Beginning with the first line, return the material verbatim and without pictures.

-------- Given material --------

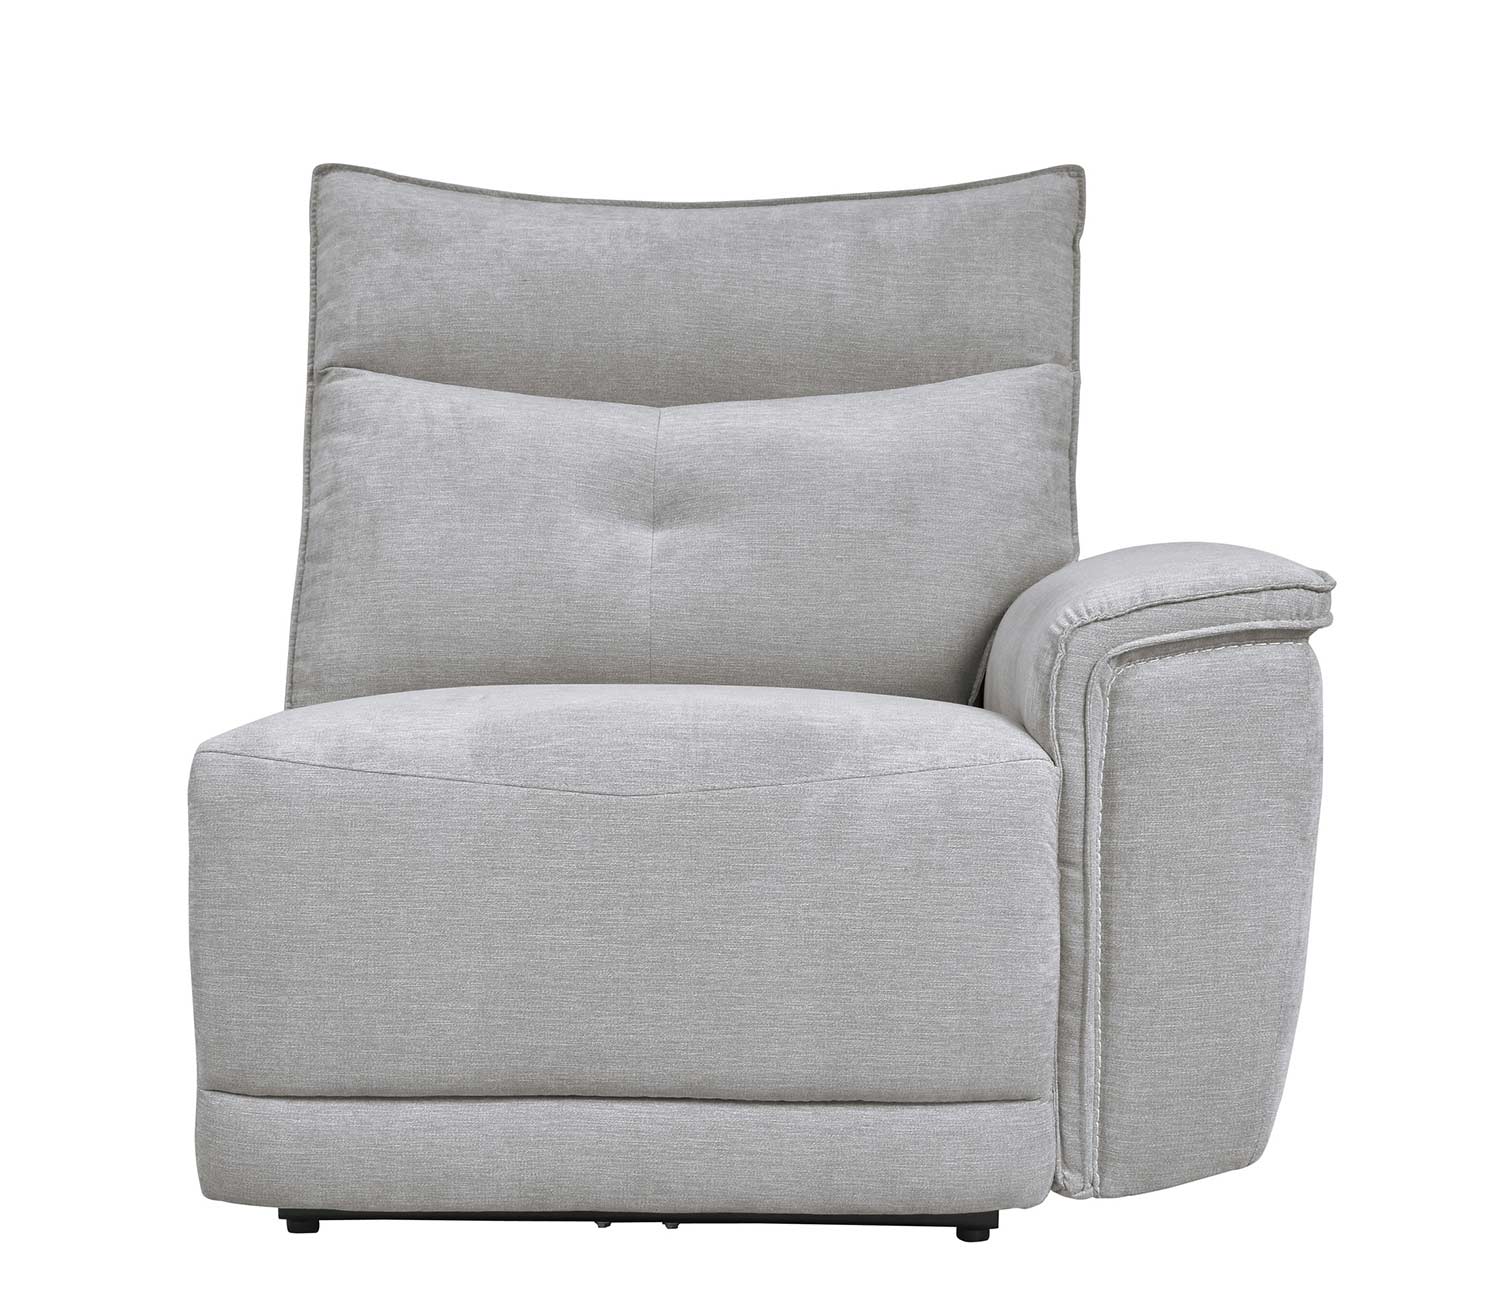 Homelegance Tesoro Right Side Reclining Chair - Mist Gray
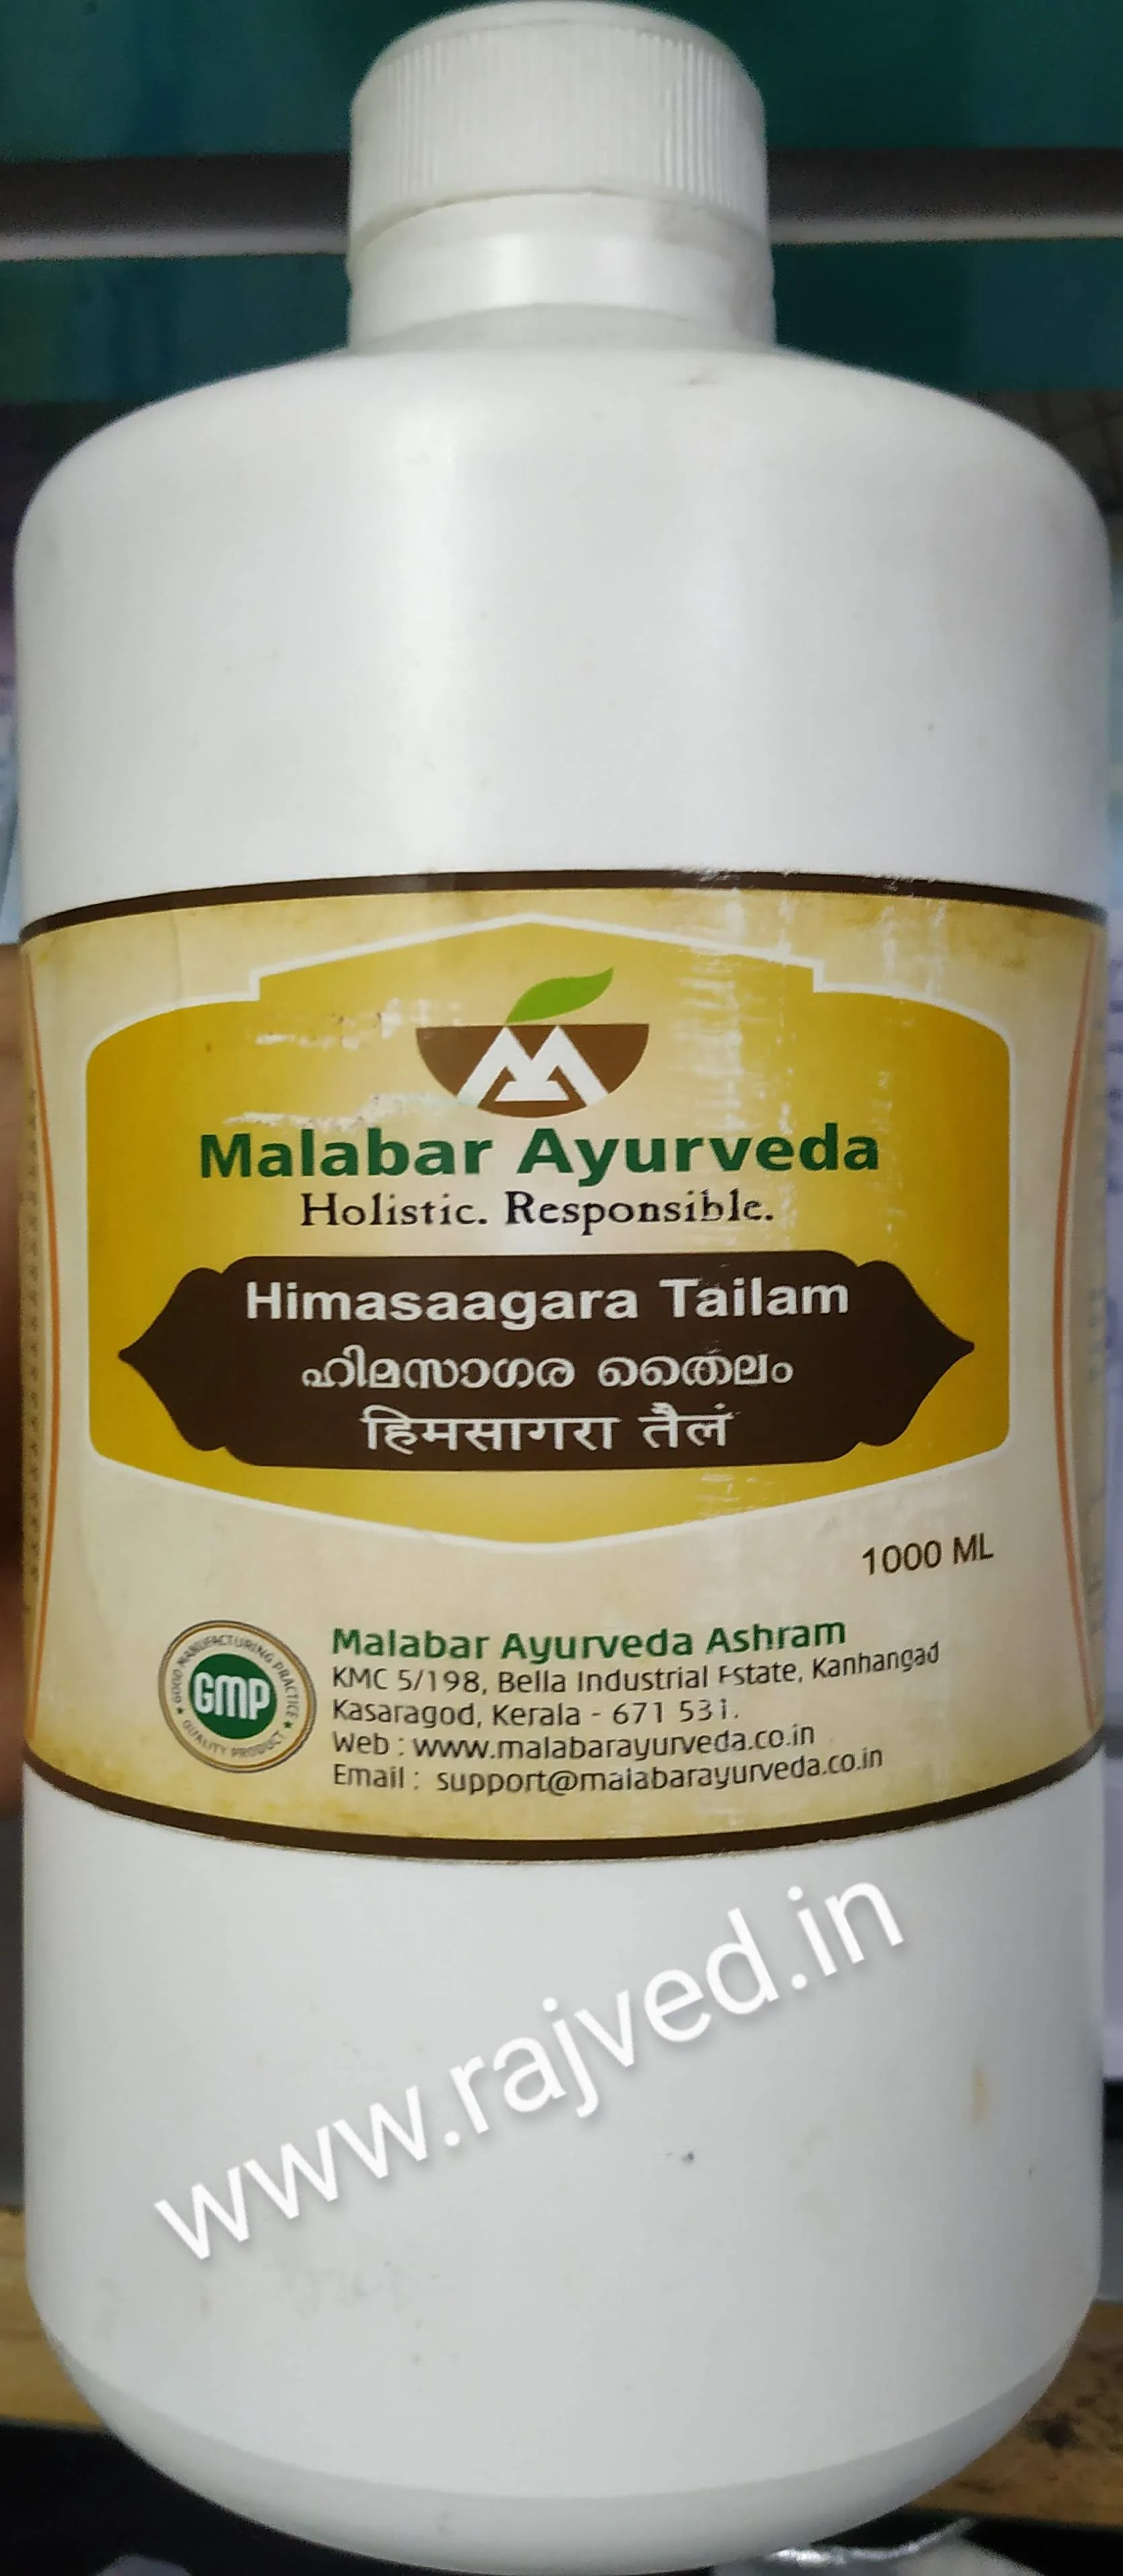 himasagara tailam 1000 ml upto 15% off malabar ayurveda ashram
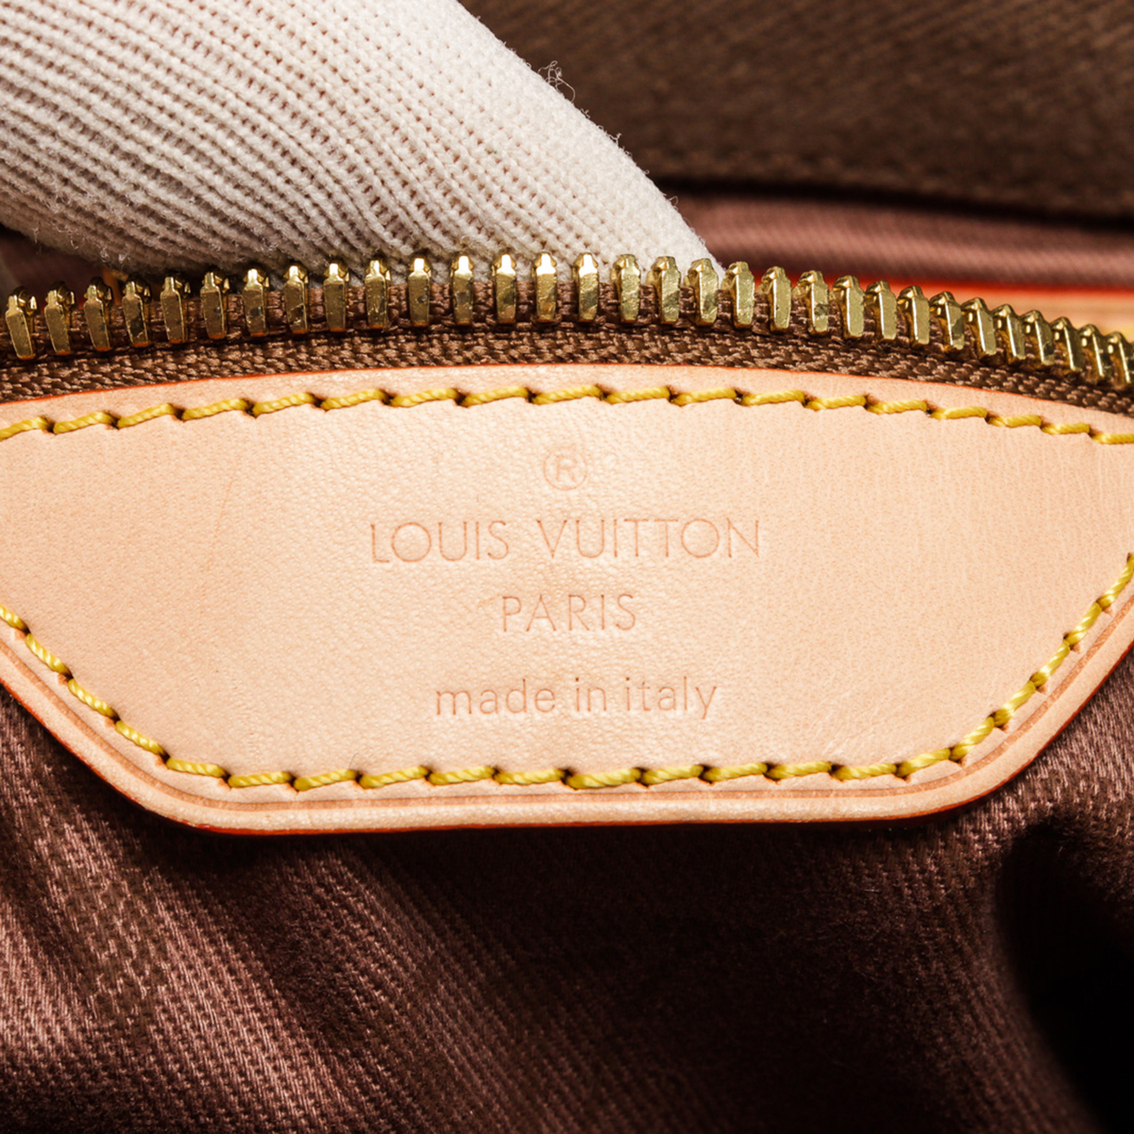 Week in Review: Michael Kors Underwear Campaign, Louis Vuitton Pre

--------

- Answer below:
 Homelegance Tesoro Right Side Reclining Chair - Mist Gray
 himasagara tailam 1000 ml upto 15% off malabar ayurveda ashram
 Week in Review: Michael Kors Underwear Campaign, Louis Vuitton Pre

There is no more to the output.